Сейчас, темным январским днем, когда дети спали после обеда, он сидел за столом у окна, сочиняя благодарственное письмо дедушке Циммеру за подарки на восьмой день рождения: пенал с прекрасным английским карандашом и крупные вороновы перья, которые особенно хороши для тонких рисунков. Растянувшись рядом на полу, Вилли уже работал одним из них, выполняя наброски видов, которыми за последнее время пополнилась их коллекция насекомых и бабочек. Тишина в комнате, еще более глубокая из‑за скрипа перьев и шума самовара в гостиной, была совершенно безмятежной.

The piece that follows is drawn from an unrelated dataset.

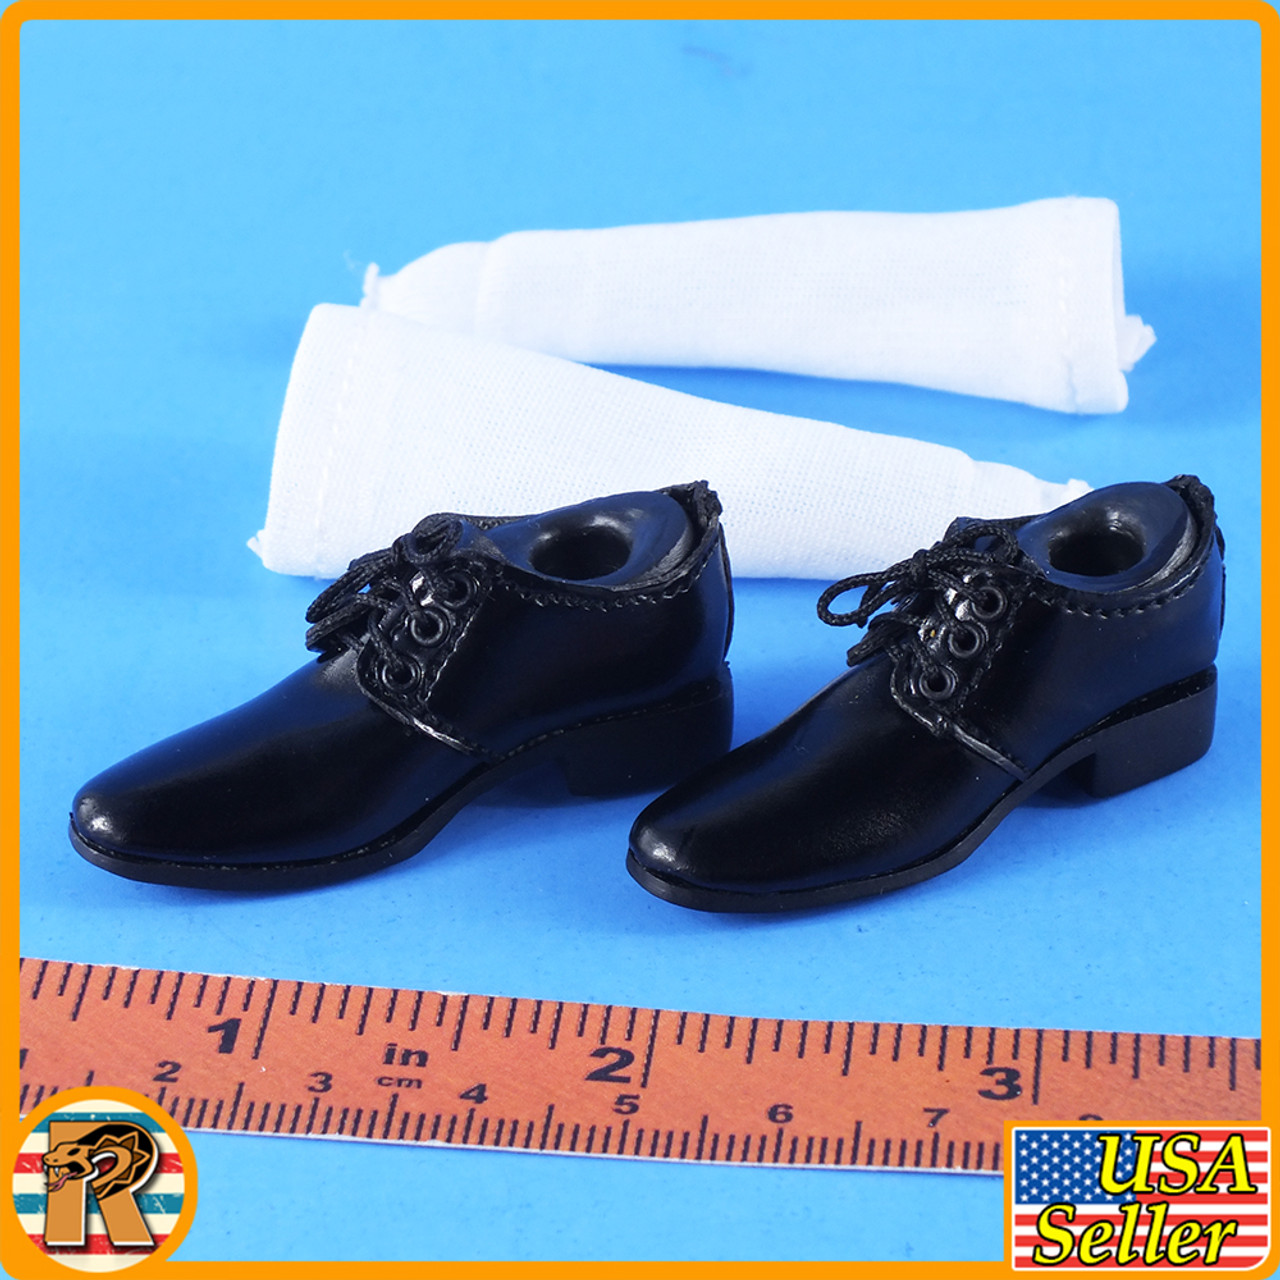 MR Bean - Shoes (for balls) w/ Socks - 1/6 Scale -
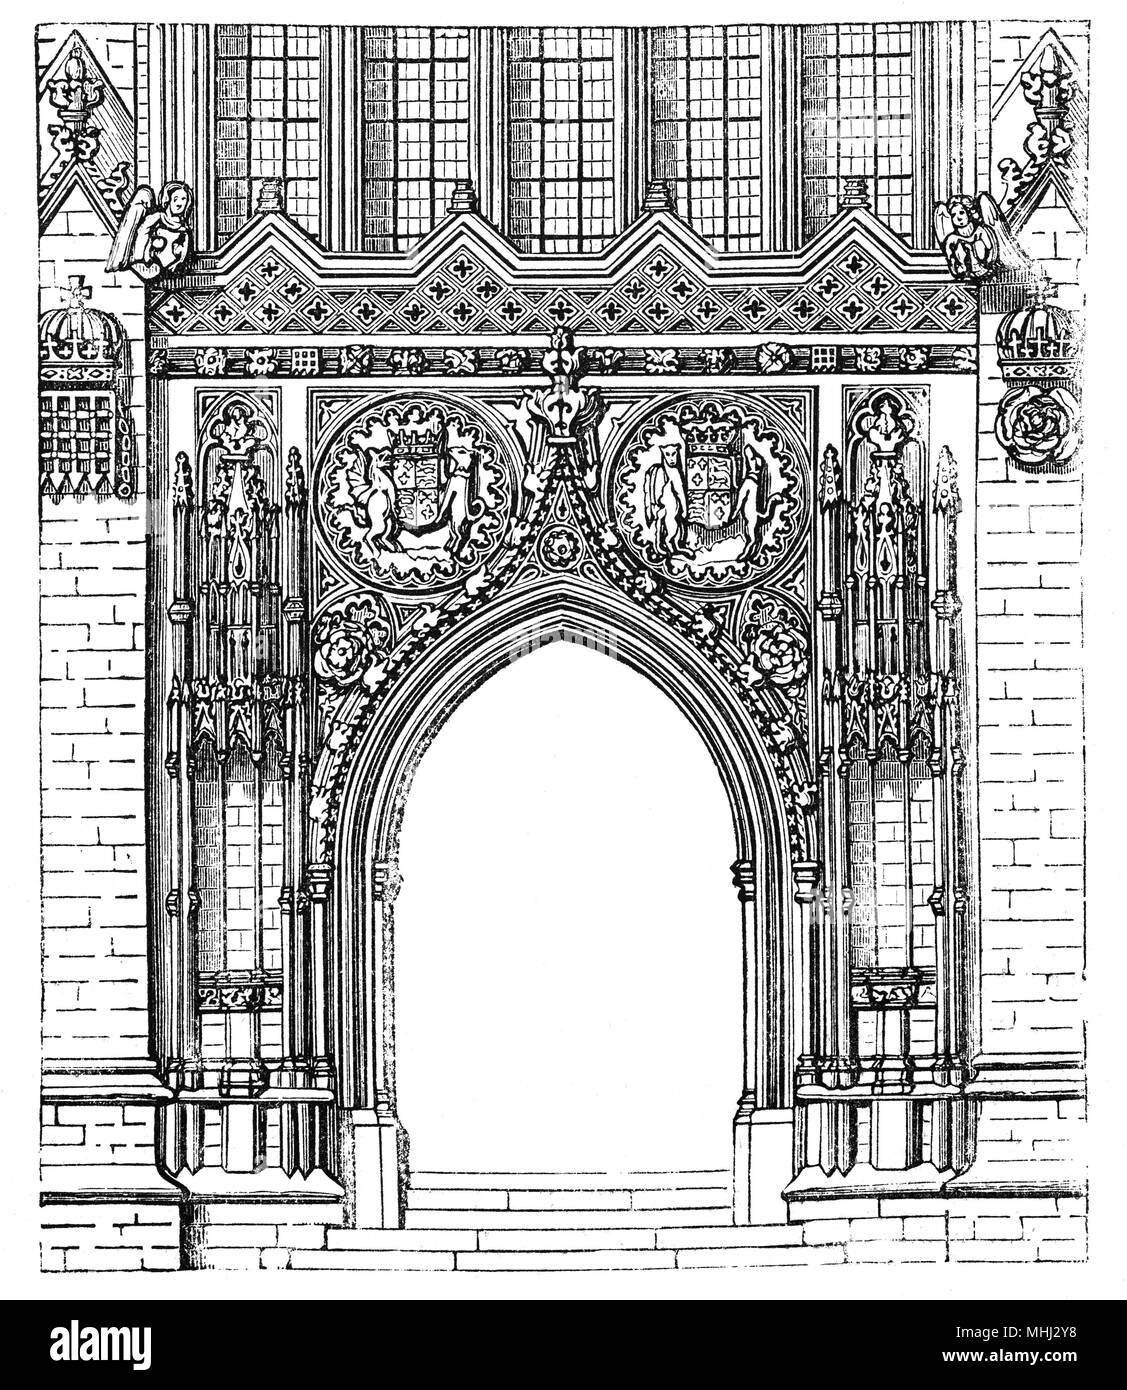 The ornate entrance to  King's College Chapel in the University of Cambridge. Considered to be one of the finest examples of late Perpendicular Gothic English architecture, it was built in phases by a succession of kings of England from 1446 to 1515, a period which spanned the Wars of the Roses. The chapel's large stained glass windows were not completed until 1531, and its early Renaissance rood screen was erected in 1532–36. The chapel is an active house of worship, and home of the King's College Choir. Stock Photo

Изложив местные новости и перебравшись на второй лист, Якоб подумал, что должен поделиться с дедушкой последним сообщением из Франции. Оно так его поразило, что он все еще не был вполне уверен, верить ему или нет…
– Ну, что ты рассказываешь дедушке на этот раз? – пророкотал голос от двери.
Якоб поднял глаза от стола и в оконном стекле увидел отца при всех регалиях: синий сюртук, красный воротничок, черные кожаные штаны, сапоги с серебряными шпорами. Отец был некрупным человеком, но форма делала его солиднее. Его слуга Мюллер стоял сзади, заплетая ему косичку.
Поворачиваясь на стуле, Якоб привстал, но увидел, как отец поднял руку.
– Нет, сынок, никогда не отвлекайся от письма. Разговор всегда подождет.
Якоб снова сел.
– Но я хотел бы поговорить, папа, – сказал он улыбающемуся отражению. – Так мне проще будет продолжить. Я пишу дедушке о короле Франции. Интересно, он уже слышал, как повернулась революция?
– Увы, бедный Людовик! Короли не должны терять голову, не так ли? Им надо быть осторожнее.
– Ее просто срезали, как кусок сыра, – проворчал Вилли с пола и закашлялся, не отрываясь от рисунка.
– Кто же будет править Францией, папа? – спросил Якоб у отражения. – Они сделают королем кого‑нибудь еще?
– Королем и принцем нельзя стать, сынок. Им надо родиться. Нельзя превратить солому в золото. Нет, они больше не хотят во Франции королей. Или, по крайней мере, так говорят. Французы умеют рассказывать всему миру о том, чего хотят, – и о том, чего хочет мир: и если надо, в том числе с помощью оружия. Но будь уверен, если наши французские друзья взялись за дело, волна Революции подхватит все остальные лодки.
Якоб хмурил брови. Ему нравилось, как отец говорит с ним, почти не делая скидки на его возраст. Но многого его голова не вмещала; он не был уверен, что правильно понимает слово «революция». Но от этого не становилось меньше удовольствие от доверительного общения с человеком, который олицетворял для него правила и порядки.
Он снова пристально посмотрел на отражение отца, между тем как Мюллер довершал свою работу. Но на это отражение наложилась другая картина, и Якоб представил руку, вздымающую отрубленную голову за прядь невинных волос, голову, поразительно похожую на голову курфюрста. И тотчас отец, как часто бывало, словно увидел картинку, стоявшую перед глазами старшего сына.